Before querying data, establish a connection to your ODM deployment and authenticate using an API token.  
The ODM API uses token-based authentication, allowing secure programmatic access while preserving user-level permissions.

In this section:
* **Specify the ODM instance URL** – defines the environment you are connecting to.  
* **Provide the API token** – identifies and authorizes your user session.  
* **Initialize the ODM API client** – creates the communication layer for all subsequent requests.


In [None]:
# input ODM server address
server = 'https://q001-sc-demo.trial.genestack.com/'

# input API token
set_api_credentials(server)

In [None]:
# credentials sanity check
if len(token)==0:
    print("Failed to paste API token from clipboard! ",
          "Set the token manually (e.g. via `token = 'your_token'`).")
else:
    print("Token successfully set!")

In [None]:
# initialize API client
configuration = odm_api.Configuration(
    host=server,
    api_key={'Genestack-API-Token': token}
)
api_client = odm_api.ApiClient(configuration)

# read odm-api documentation from
print(f"{server}/user-docs/tools/odm-api/python/generated/")

## 3. Working with Data

### 3.1 Exploring Sample Endpoints

In ODM, each entity—such as samples, datasets, or assays—can be accessed through dedicated API endpoints.

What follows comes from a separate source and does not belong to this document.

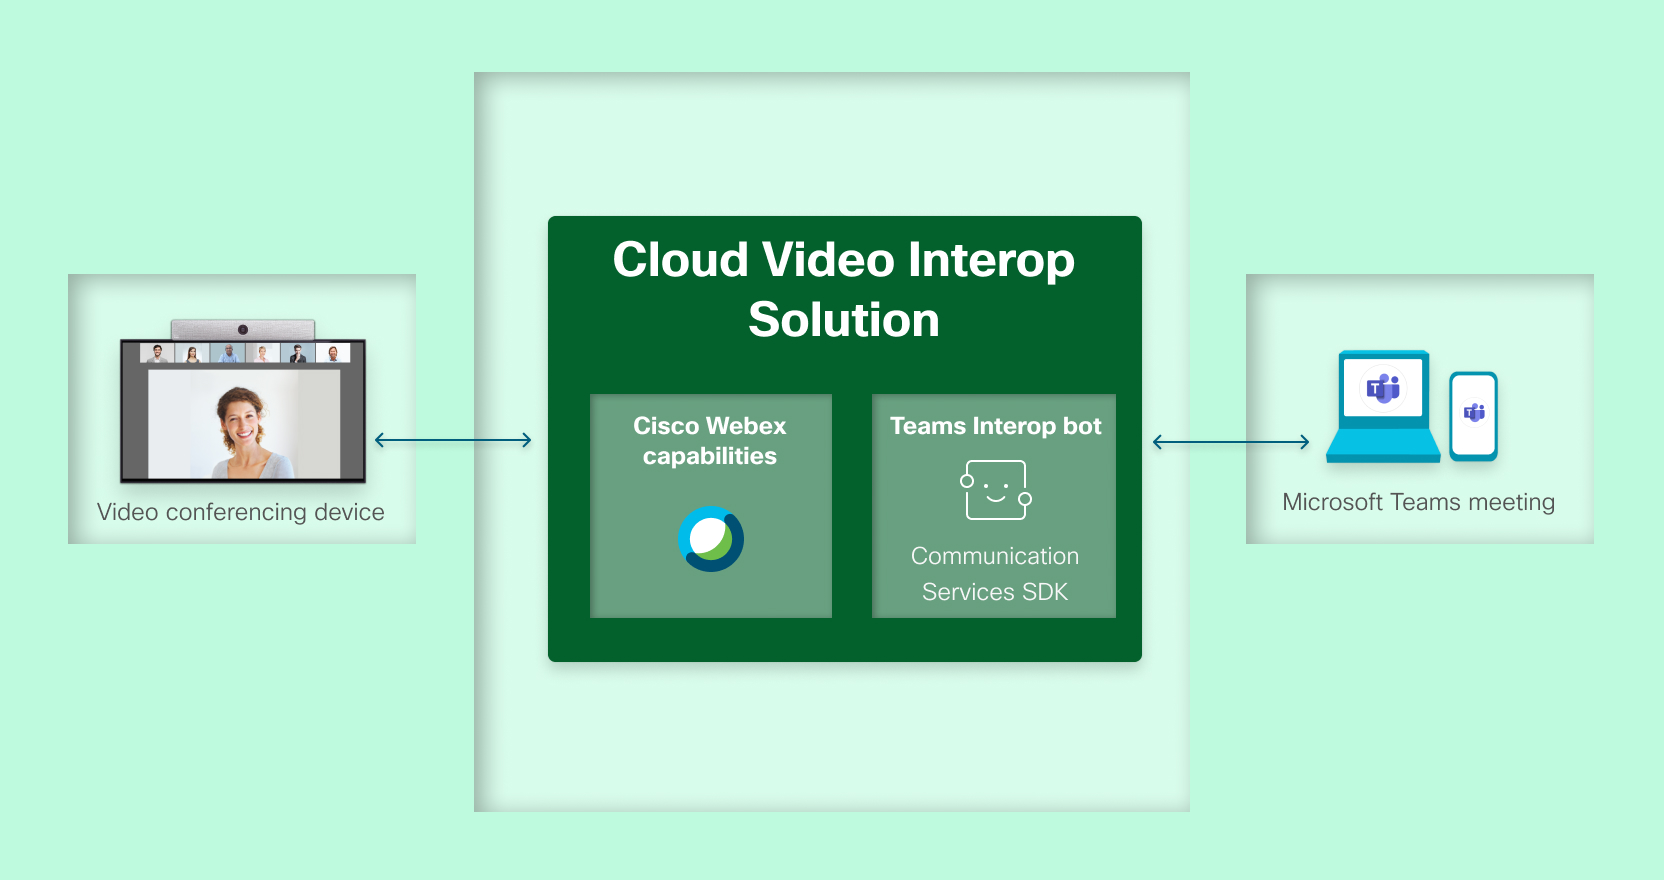 CVI arhitektura predodžba na osnovi https://docs.microsoft.com/en-us/microsoftteams/cloud-video-interop

Omics query endpoints provide access to quantitative datasets such as gene expression, variant, or flow cytometry data, along with their associated metadata. These endpoints extend integration capabilities, enabling direct retrieval and filtering of omics measurements linked to specific samples or studies.

In this step, the `OmicsQueries` interface is initialized, and its available methods are listed to illustrate the range of omics data types accessible through the ODM API.

In [None]:
# initialize API class
omics_api = odm_api.OmicsQueriesAsUserApi(api_client)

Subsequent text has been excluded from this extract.